Perkele are a Swedish rock band from Göteborg best known for their former Oi! sound. Following decades of activity and sold-out shows across major European cities and the US, some have dubbed Perkele one of Europe's biggest punk rock bands and an important part of the genre's evolution. Their sound has been described as punk with '70s/'80s heavy metal influences and elements of blues, jazz, and even classical music.

They have been featured several times in the Maximum Rocknroll zine and were hosted by FC St. Pauli in 2003. Then lead vocalist and frontman of Booze & Glory, Mark Boozer, named Perkele as one of his top 10 favourite Oi! bands.
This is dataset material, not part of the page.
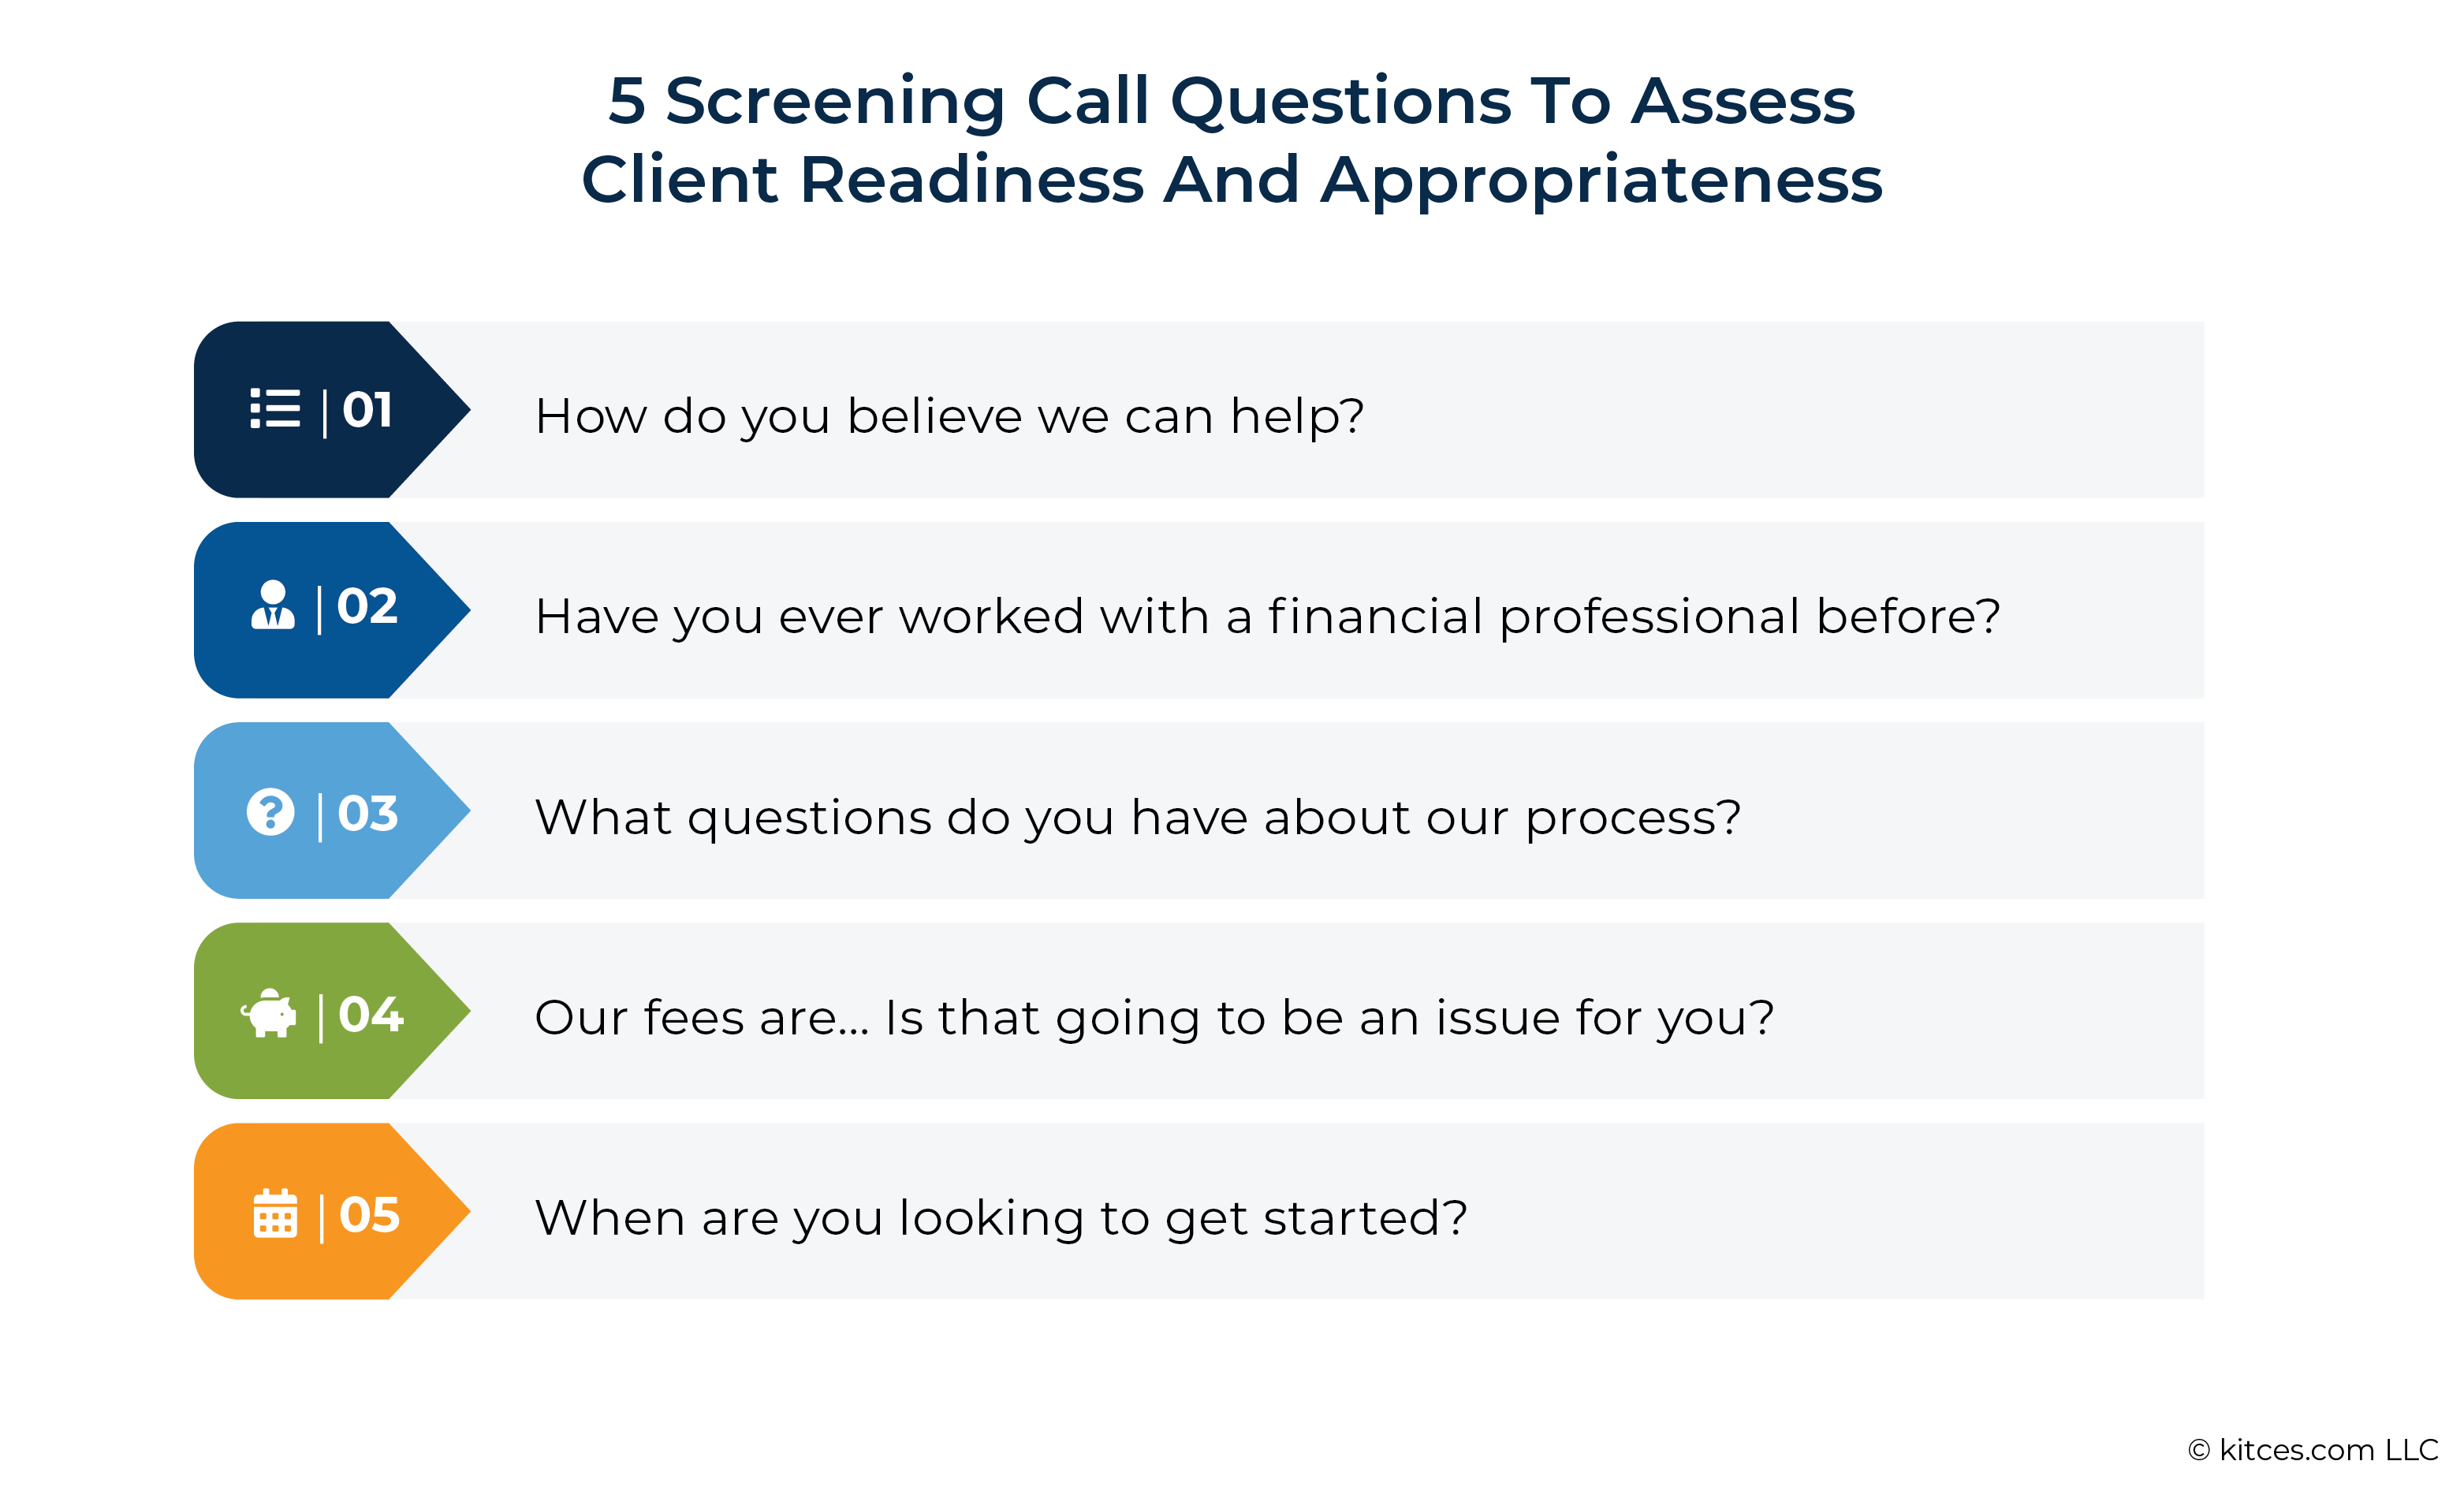 Screening Call Questions To Assess Client Readiness And Appropriateness

The band members actually started out as punks drawing some inspiration from Swedish folk music, but gradually the Oi! and street punk genres started having a greater influence on their development and around 1997/1998 Perkele became skinheads.

Despite their Swedish origin, perkele—the noun used for the band's name—is, in fact, a Finnish profanity. In a 2003 interview, lead vocalist and founding member Ron Halinoja cited his "roots in Finland" and the word's expressively vulgar nature as the main reasons behind choosing this for the band's name. Perkele claim to be strongly against all kinds of racism, nationalism, fascism, sexism, and homophobia as well as being opposed to hate, war, and environmental pollution. Despite this, in the past their appearance at traditionally left-wing events has caused controversy due to some of their songs featuring lyrical themes of Swedish and Finnish nationalist sentiments. Due to the background of their bassist Chris as an adoptee originally from Sri Lanka, the band have at one point experienced racist abuse from the audience at a concert in Belgium.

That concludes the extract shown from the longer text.